Introduction to web scraping dynamic javascript powered websites and web apps using Selenium browser automation library and Python.

Playwright

Playwright is a straightforward Python library for browser automation. First, install it using the following pip command:

pip install playwright

After Playwright is successfully installed, use the playwright install command to download the desired browser driver binaries:

playwright install chromium

Similar to the previous code snippet, we'll scrape forms with Playwright using timeouts and click methods:

from playwright.sync_api import sync_playwright

with sync_playwright() as playwright:
    browser = playwright.chromium.launch()
    context = browser.new_context()
    page = context.new_page()

    # request the target web page
    page.goto("https://web-scraping.dev/login?cookies=")

    # accept the cookie policy
    page.click("button#cookie-ok")

    # wait for the login form
    page.wait_for_selector("button[type='submit']")

    # wait for the page to fully load
    page.wait_for_load_state("networkidle")

    # fill in the login credentials
    page.fill("input[name='username']", "user123")
    page.fill("input[name='password']", "password")

    # click the login submit button    
    page.click("button[type='submit']")

    # wait for an element on the login redirected page
    page.wait_for_selector("div#secret-message")

    secret_message = page.inner_text("div#secret-message")
    print(f"The secret message is {secret_message}")
    "The secret message is 🤫"

Here, we use the Playwright page methods to wait for selectors or load states. Then, we navigate the form by clicking and filling elements. Finally, the script parses the final web page data using CSS selectors.

Have a look at our dedicated guide on Playwright for the full details on using it for web scraping.
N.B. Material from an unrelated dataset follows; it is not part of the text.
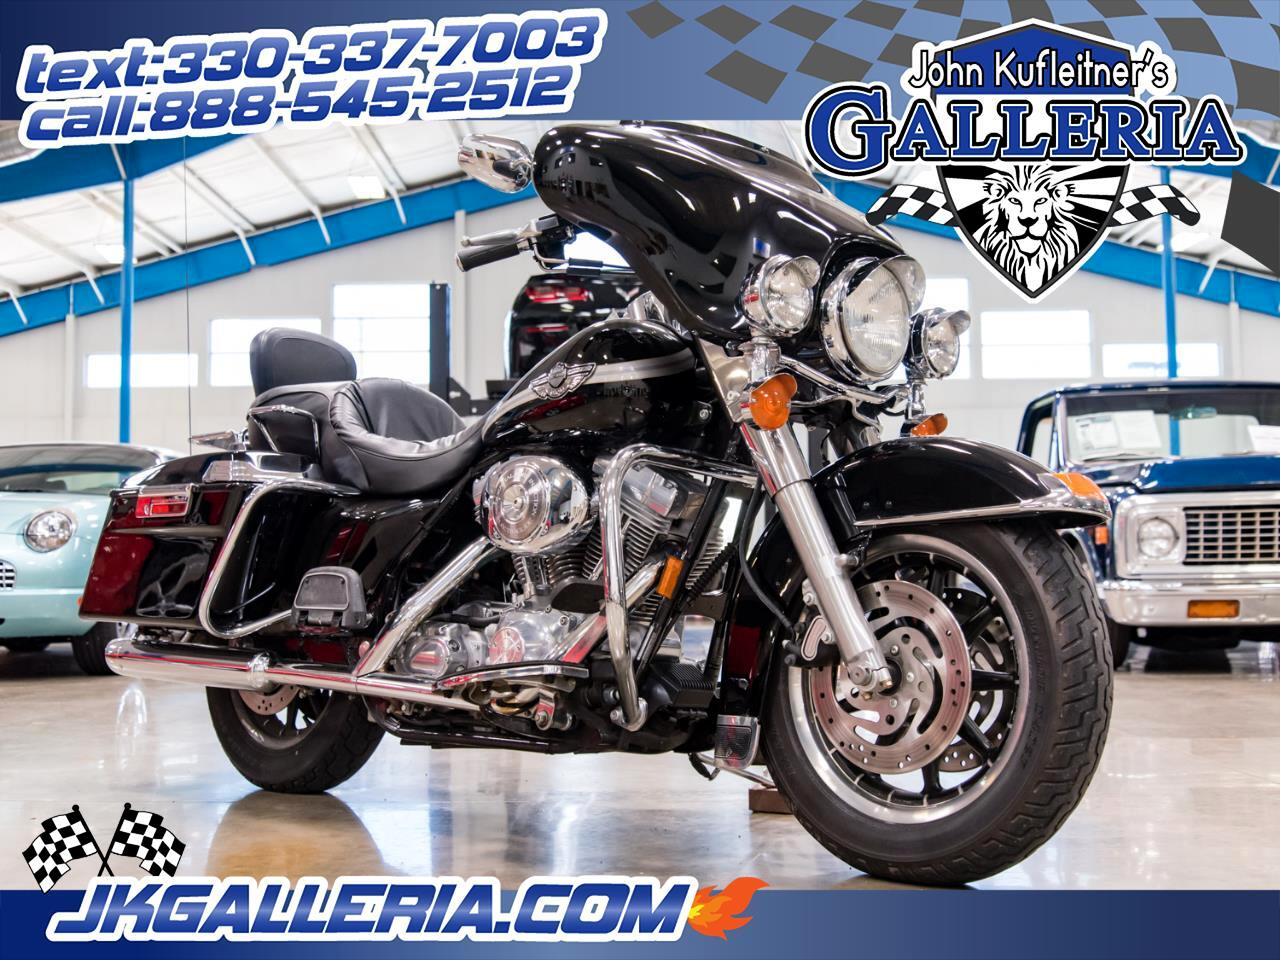 2003 Harley-Davidson Electra Glide Standard 100th Anniversary

Web Scraping with Playwright and Python

Playwright is the new, big browser automation toolkit - can it be used for web scraping? In this introduction article, we'll take a look how can we use Playwright and Python to scrape dynamic websites.

Puppeteer

Finally, let's explore using Puppeteer to extract form data. First, install it using npm:

npm install puppeteer

Since Puppeteer automatically downloads the related Chrome driver binaries, all we have to do is declare the browser actions directly:

const puppeteer = require('puppeteer');

(async () => {
    const browser = await puppeteer.launch({
        headless: false
    })

    // create a browser page
    const page = await browser.newPage();
    
    // go to the target web page
    await page.goto(
        'https://web-scraping.dev/login?cookies=',
        { waitUntil: 'domcontentloaded' }
    );

    // wait for 500 milliseconds
    await new Promise(resolve => setTimeout(resolve, 500));

    // accept the cookie policy
    await page.click('button#cookie-ok');

    // wait for the login form
    await page.waitForSelector('button[type="submit"]');

    // fill in the login credentials
    await page.$eval('input[name="username"]', (el, value) => el.value = value, 'user123');
    await page.$eval('input[name="password"]', (el, value) => el.value = value, 'password');
    await new Promise(resolve => setTimeout(resolve, 500));

    // click the login button and wait for navigation
    await page.click('button[type="submit"]');
    await page.waitForSelector('div#secret-message');

    secretMessage = await page.$eval('div#secret-message', node => node.innerHTML);
    console.log(`The secret message is ${secretMessage}`);

    // close the browser
    await browser.close();
})();

Let's break down the above form scraping code:

Initiate a Puppeteer instance in the headful mode.
Define timeouts to wait for the elements.
Fill and click the elements using their equivalent selectors.
Parse the HTML behind the login page.

For further details on web scraping with Puppeteer, refer to our dedicated guide.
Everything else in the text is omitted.